Em 1º de janeiro de 2026, um conjunto significativo de obras passa a integrar o domínio público no Brasil. A mudança ocorre porque a legislação brasileira estabelece que os direitos patrimoniais de uma obra expiram 70 anos após a morte de seu autor, contados a partir do início do ano seguinte ao falecimento. Assim, entram em domínio público os criadores que morreram em 1955.
Esse movimento costuma despertar interesse de pesquisadores e editoras, bem como de artistas, designers, produtores culturais e educadores. Com o fim da proteção patrimonial, textos, imagens, músicas e obras artísticas podem ser reproduzidos, adaptados e redistribuídos legalmente, respeitando sempre a autoria e a integridade da obra original.
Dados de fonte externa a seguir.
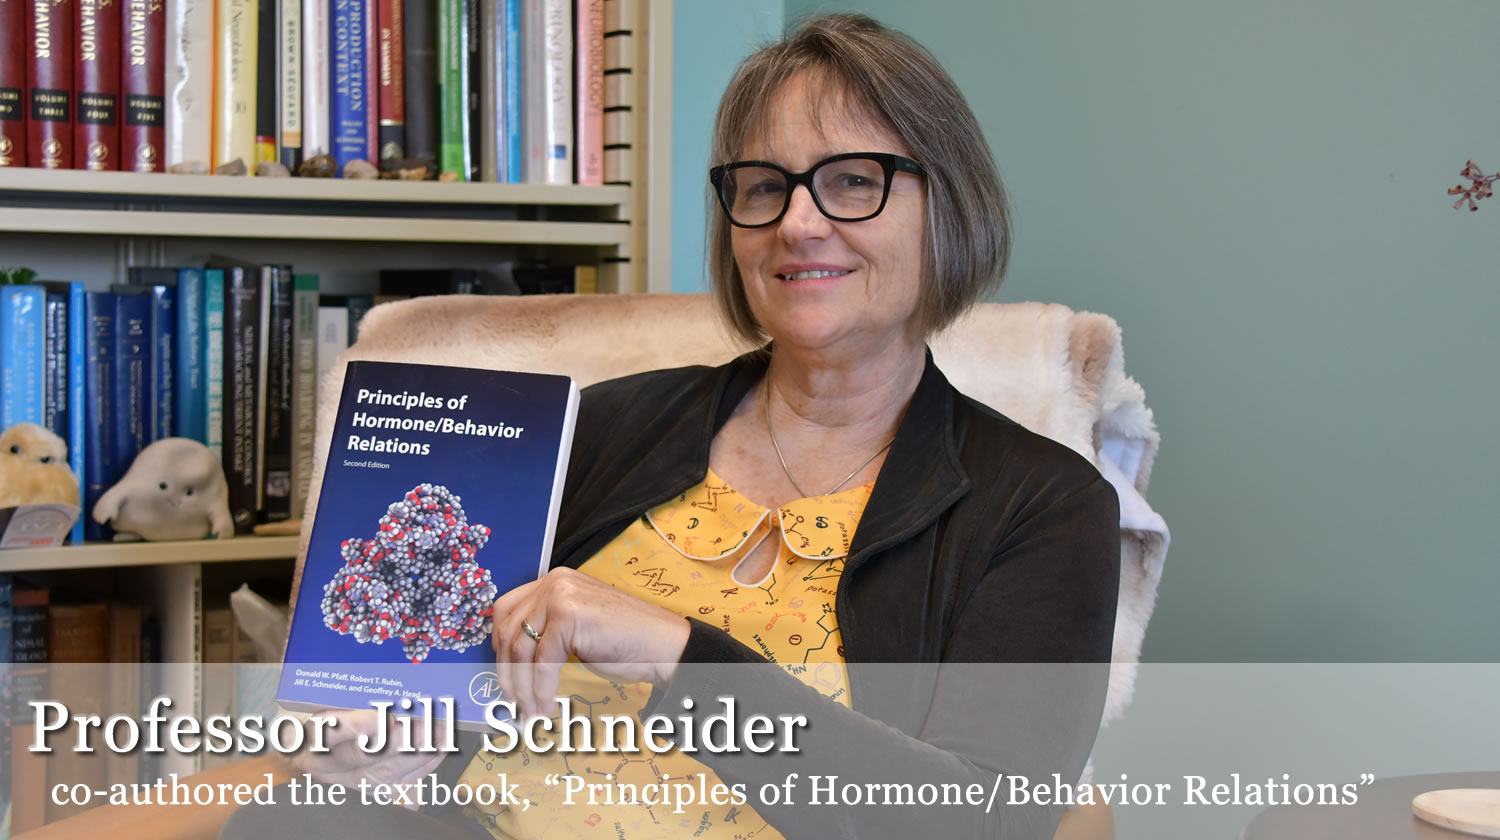 Professor Jill Schneider co-authored textbook

Confira alguns dos principais nomes que entram em domínio público em 2026:
Artes
Entre os nomes mais emblemáticos está Carmen Miranda. Ícone da cultura brasileira e figura central na construção de uma imagem do Brasil no exterior, Carmen deixou músicas e criações autorais que passam a poder ser reutilizadas. Gravações específicas e filmes produzidos por estúdios podem ter outras camadas de proteção, mas letras e composições de sua autoria entram em domínio público.
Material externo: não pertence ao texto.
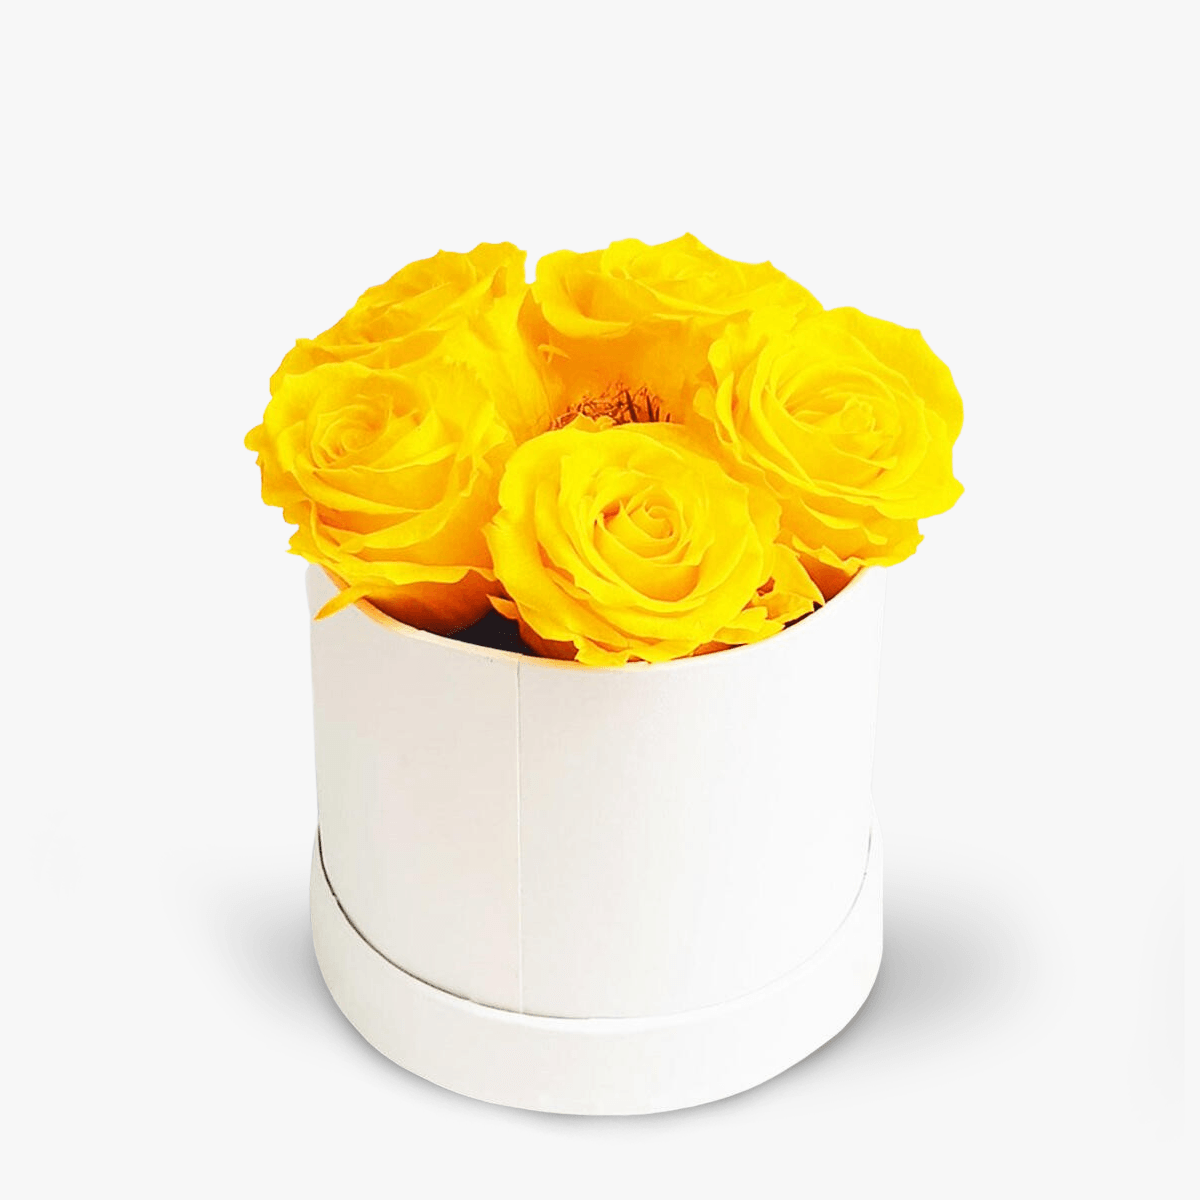 Cutie cu 9 trandafiri lavanda, criogenati – Standard criogenati

No campo das artes visuais, 2026 marca a liberação das obras de nomes fundamentais do modernismo e do surrealismo. Fernand Léger, referência do modernismo europeu, Yves Tanguy, um dos principais surrealistas, Nicolas de Staël, entre abstração e figuração, além de Victor Brecheret, nome central da escultura modernista no Brasil, terão suas obras liberadas para uso.
Literatura
A literatura também ganha destaque em 2026. O alemão Thomas Mann, vencedor do Nobel de Literatura, terá romances como A Montanha Mágica e A Morte em Veneza em domínio público. Outro nome bastante conhecido é Dale Carnegie, autor de Como Fazer Amigos e Influenciar Pessoas, um dos livros mais populares do século 20. Poetas como Wallace Stevens e Robert P. Tristram Coffin também passam a ter suas obras livres para reprodução.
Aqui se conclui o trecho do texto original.